The motto for Niagara Falls Transit was "The way to go".

Operations
Potential for growth of public transit is limited as most tourists come by car or tour buses. Niagara Falls Transit is very underused due to the poor route structure, infrequent route intervals. Half hour or 15 minute routes are non existent even at rush hour. There is also a lack of pedestrian friendly bus stops, no concrete padding at many stops with few bus shelters to accommodate riders. Hotels and the two casinos offer shuttle bus service around the Falls area. Taxis are also a common form of transportation in the city. Most commuters are locals who live away from the Falls area and need to get to their workplace. 

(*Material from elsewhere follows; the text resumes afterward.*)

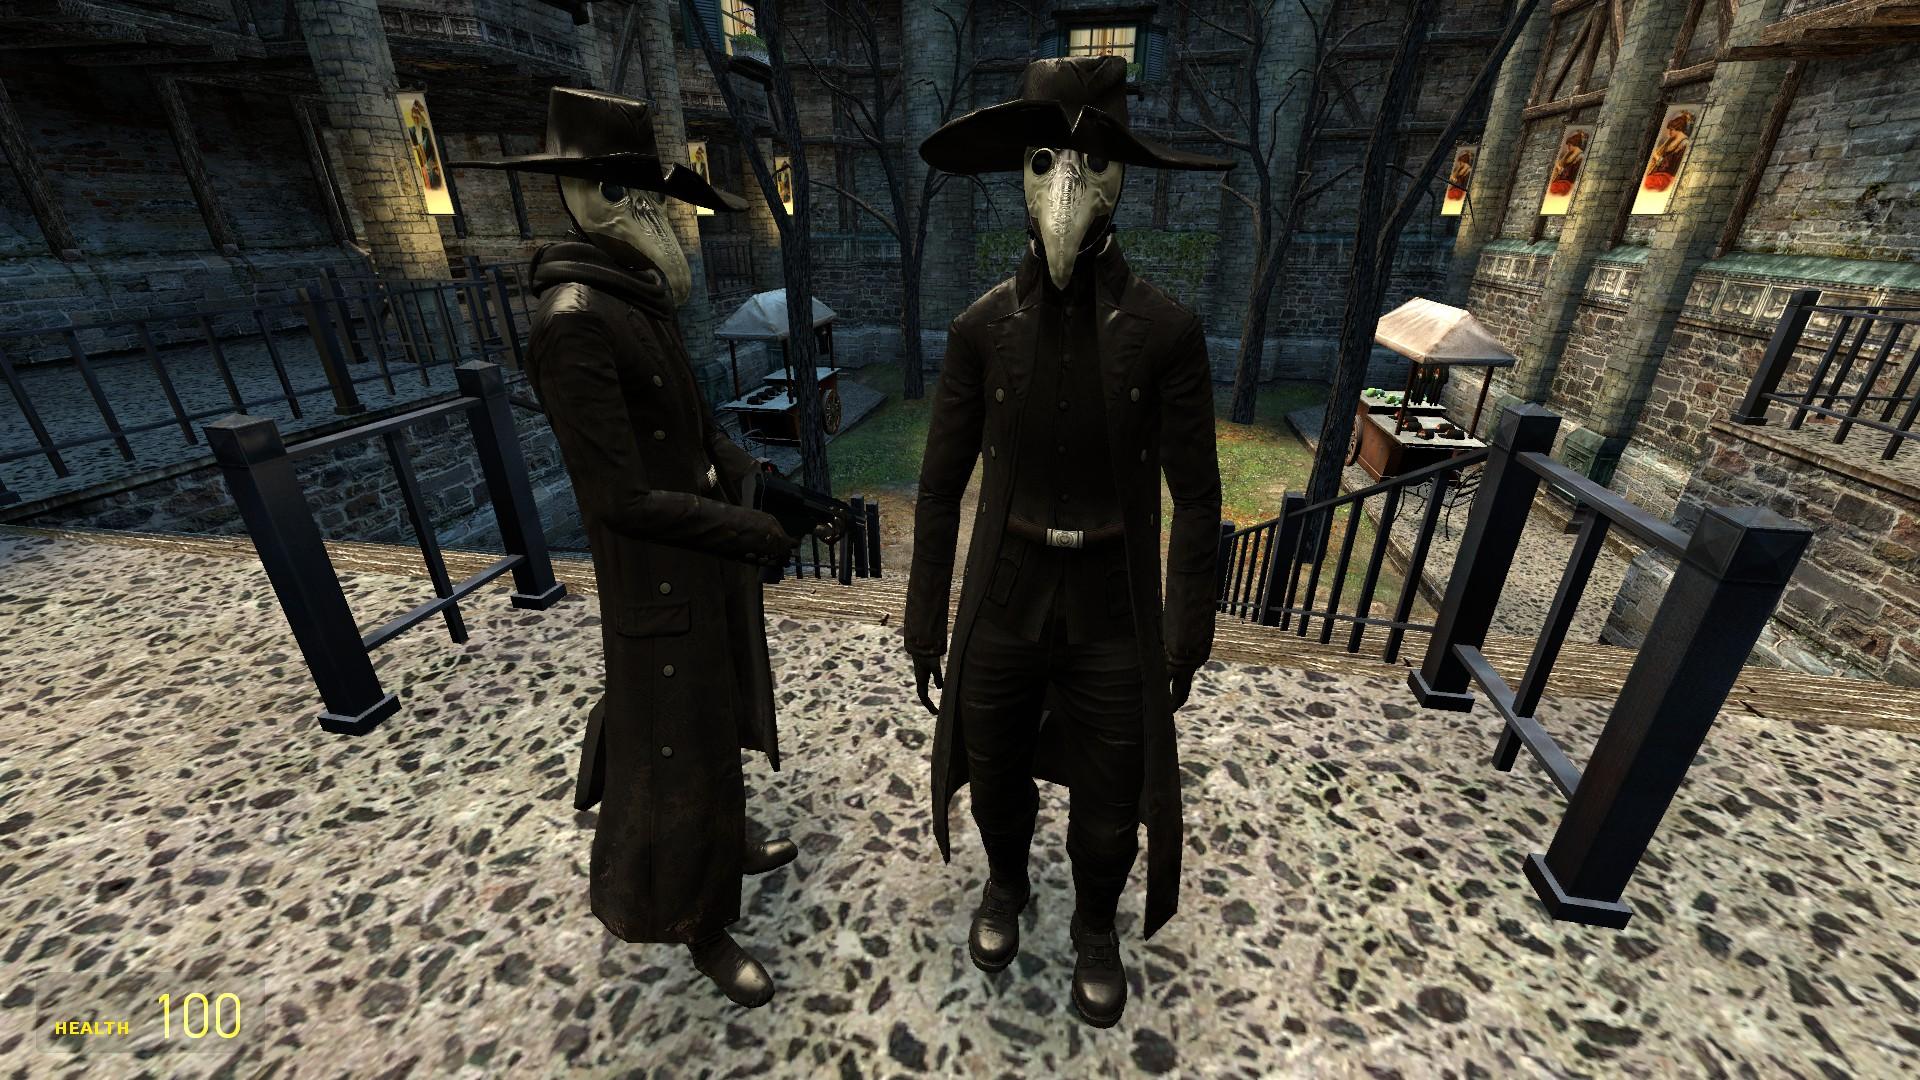 Doktor haus Player Model/NPCs file - Garrys Mod for Half-Life 2 - Mod DB
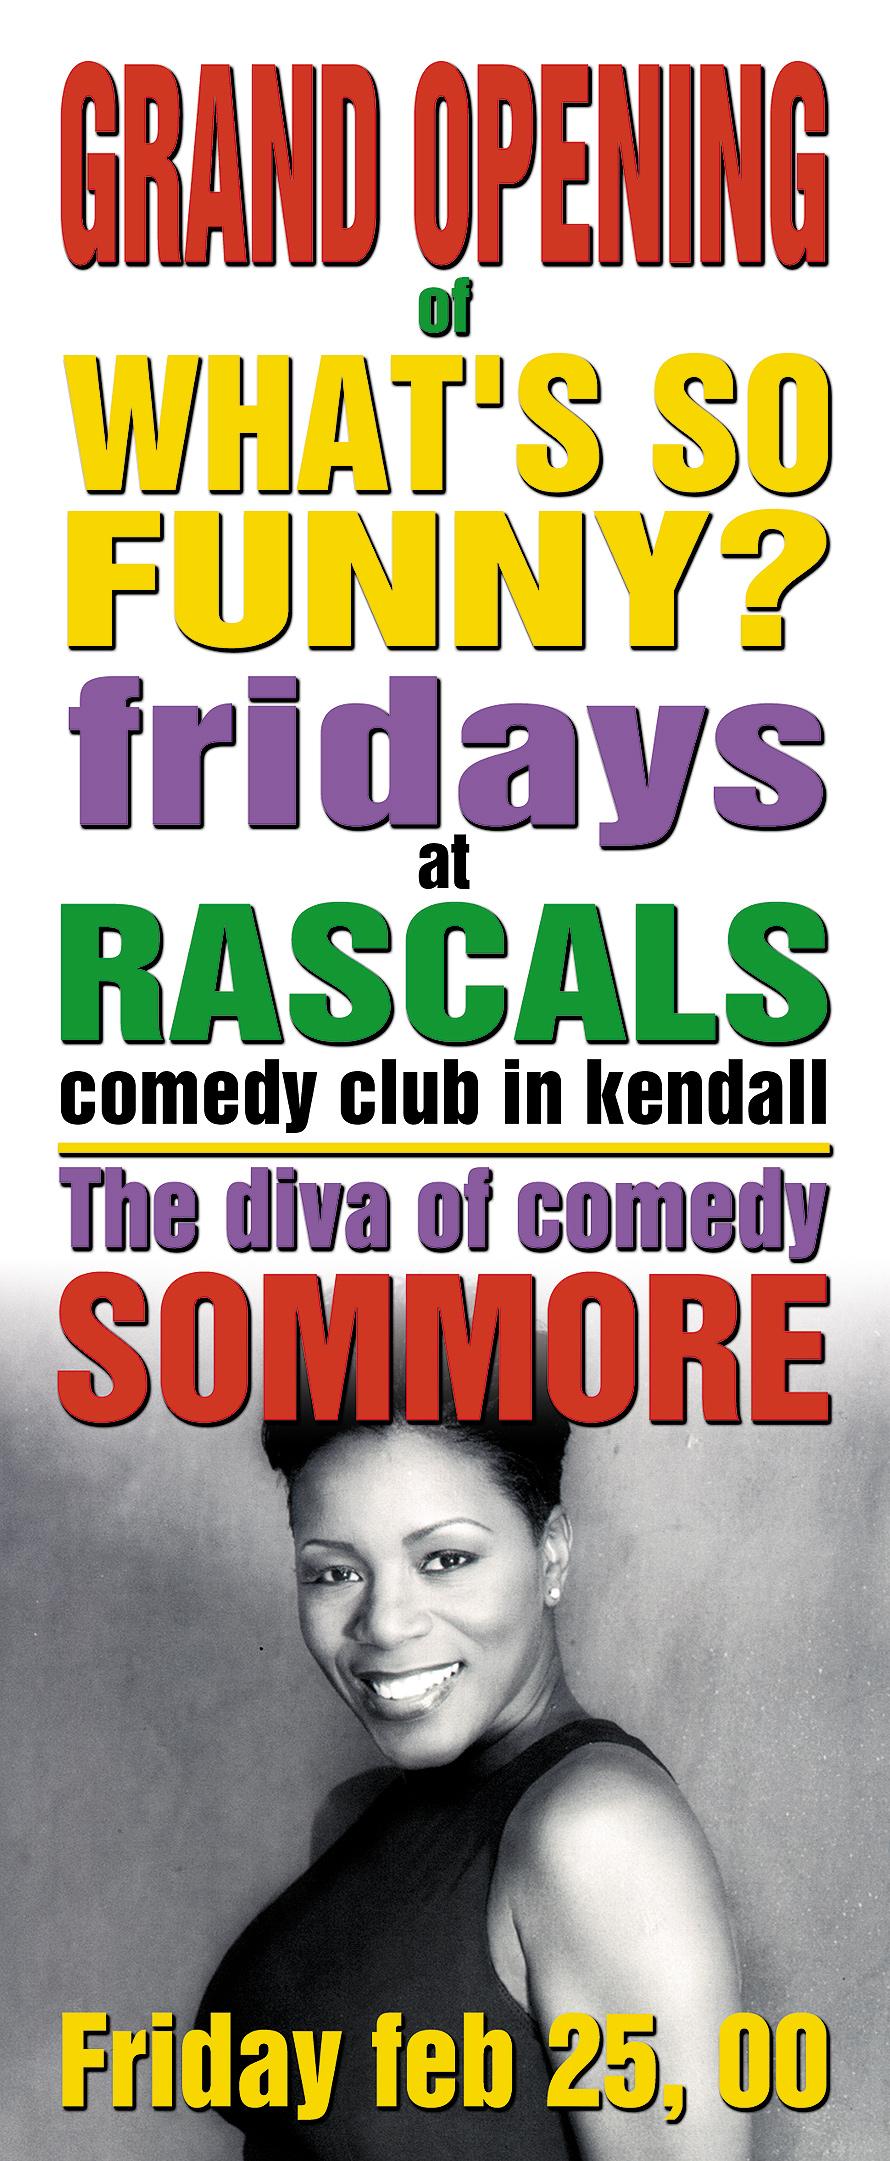 Rascals Comedy Club

5-0 is also a carrier that provides service from the Fallsview Casino and Downtown Niagara Falls area to Niagara-on-the-Lake, using a motor coach.  Service operates year-round, but with a dramatically reduced schedule during winter months.

Niagara Falls Transit offers four shuttle bus routes, the Brock Rapid, Niagara College/Glendale Campus, Niagara College/Welland Campus, and Fort Erie to Niagara Falls.  The Brock Rapid, Niagara College and Fort Erie shuttles operate during the academic school year. These services carry a premium fare charge, but in many cases will allow you to connect to regular services offered by Niagara Falls Transit.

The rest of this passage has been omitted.